Птица спустилась еще ниже, взрезала воздух, едва не задевая верхушки осоки. Через пару мгновений из той же осоки, раздвигая жесткие стебли, поднялся молодой человек. Но первым он увидел не красное, столь заметное с воздуха, а белое. Несколько перьев снежных цапель, зацепившись, трепетали среди тростника. Несколько длинных ажурных перьев — свадебное облачение. Когда цапель стреляют охотники, именно их забирают всегда.
Убитых птиц не было видно, то ли успели улететь, то ли подобрали их, а может, звери съели, не оставив и следа пиршества.
А еще здесь были гнезда, груды веточек, собранных неподалеку друг от друга. Птенцы еще не успели бы вылупиться, но яйца были отложены; в гнездах он нашел обломки голубовато-зеленой скорлупы. Ни одного уцелевшего; они были раздавлены, словно здесь пробежало много людей.
За камышом чернели стволы и крыши: тут бушевал пожар, но вода остановила огонь, лишь кромка осоки подсохла и пожелтела от жара. Там, на берегу, больше не было деревни, как в камышах не было птиц и птенцов.
Несколько обугленных тел свисало с черных ветвей, верно, их там повесили до пожара.

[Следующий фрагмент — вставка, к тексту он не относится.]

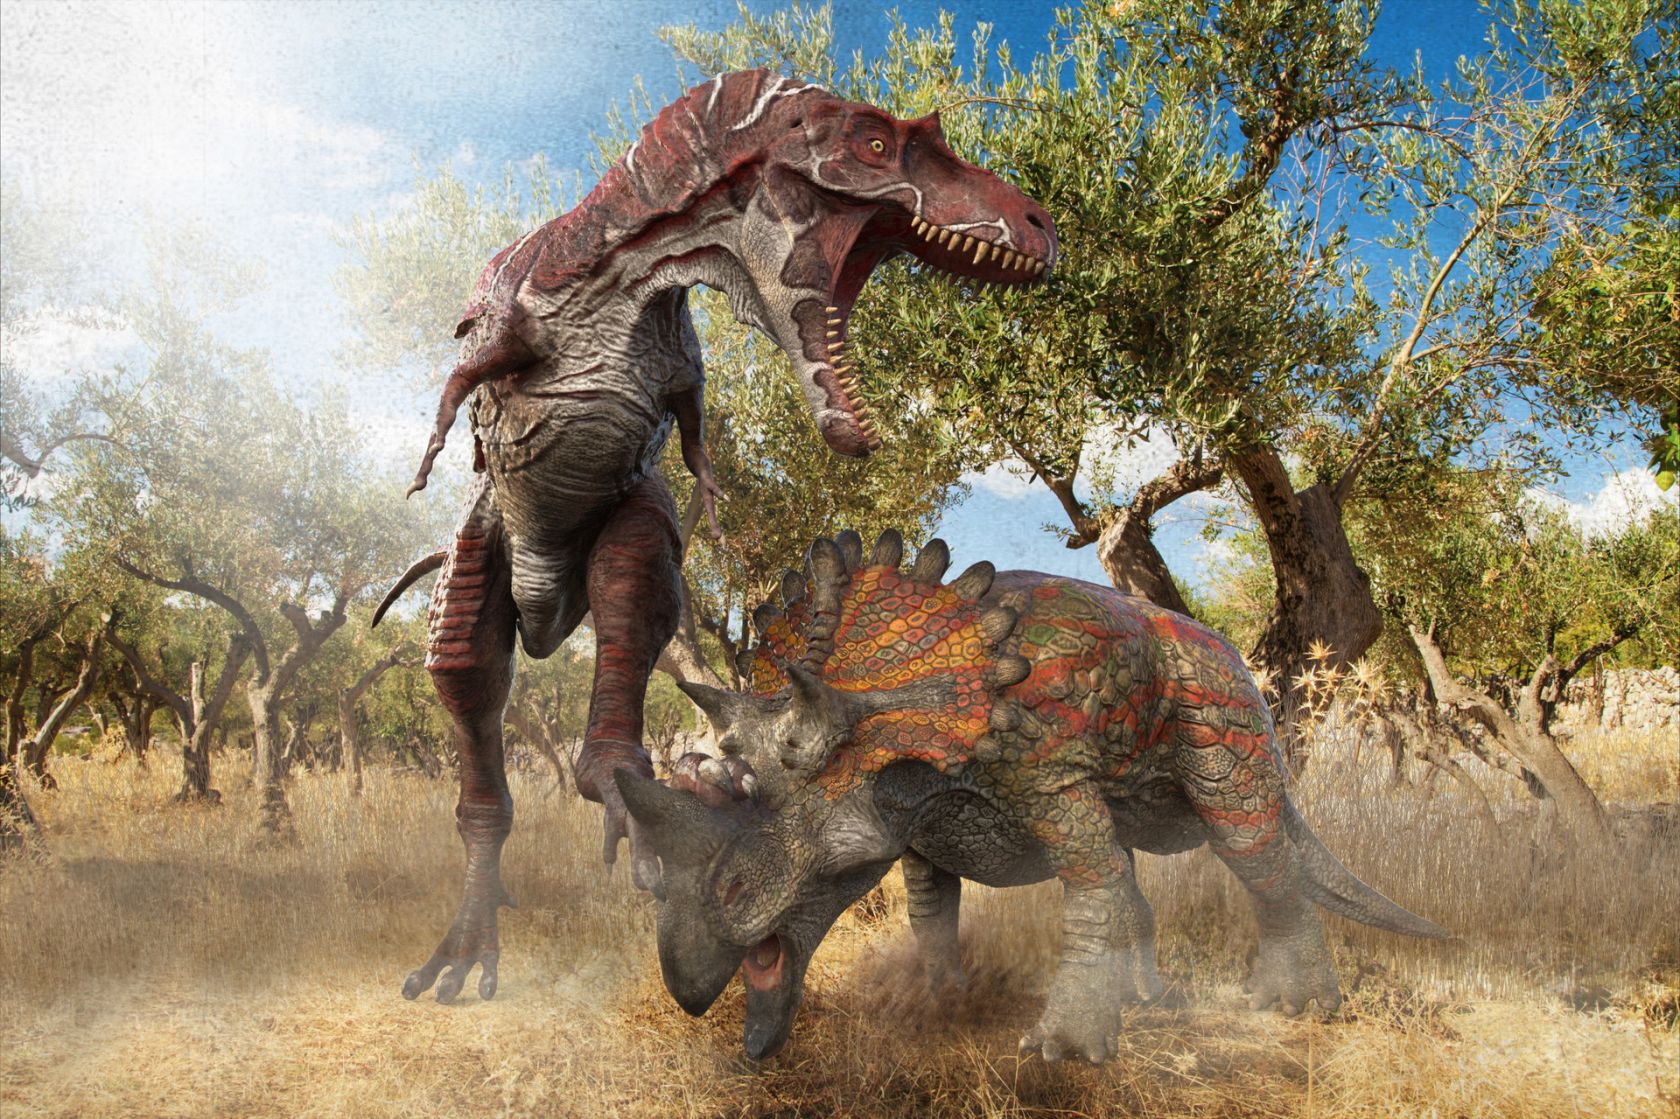 Albertosaurus scena di caccia

Осока поредела, показалась вода.
Он склонился над ручьем, затем присел, протянул руку, опуская в воду кончики пальцев. Вода бледно-красная, озерцо, из которого вытекал ручеек, почти не видно из-за тел, сгрудившихся на поверхности. Темная неживая масса, не разобрать лиц, да и одежду не очень. В воздухе был разлит запах не тления — крови, берег тоже был красным, и темно-алые потеки и брызги то тут, то там виднелись на стеблях камыша.
Недавно все произошло, не прошло и суток.
Энори долго сидел на берегу, полоская пальцы в воде, будто хотел отмыть их от чужой крови. Ручей умер. Когда-нибудь он очистится, но очень и очень нескоро. Теперь это мертвое место.
Наконец он поднялся, встряхнул кистью.
Глянул вниз: на подоле одежды и на штанах теперь тоже расплывались грязно-бурые пятна.
Пора было лететь, но Энори отчего-то пошел вниз по ручью, к месту его слияния с речкой. Будь он простым путником, такую бы дорогу выбрал, чтобы попасть в ставку Мэнго.
Осока редела, на пригорке поднимался лесок.
Человек, по одежде крестьянин, сидел, привалившись спиной к осине. Подняв мутные глаза на Энори, какое-то время молчал, затем спросил:
— Ты из рухэй?
— Нет.
Человек бессмысленно повел глазами по сторонам.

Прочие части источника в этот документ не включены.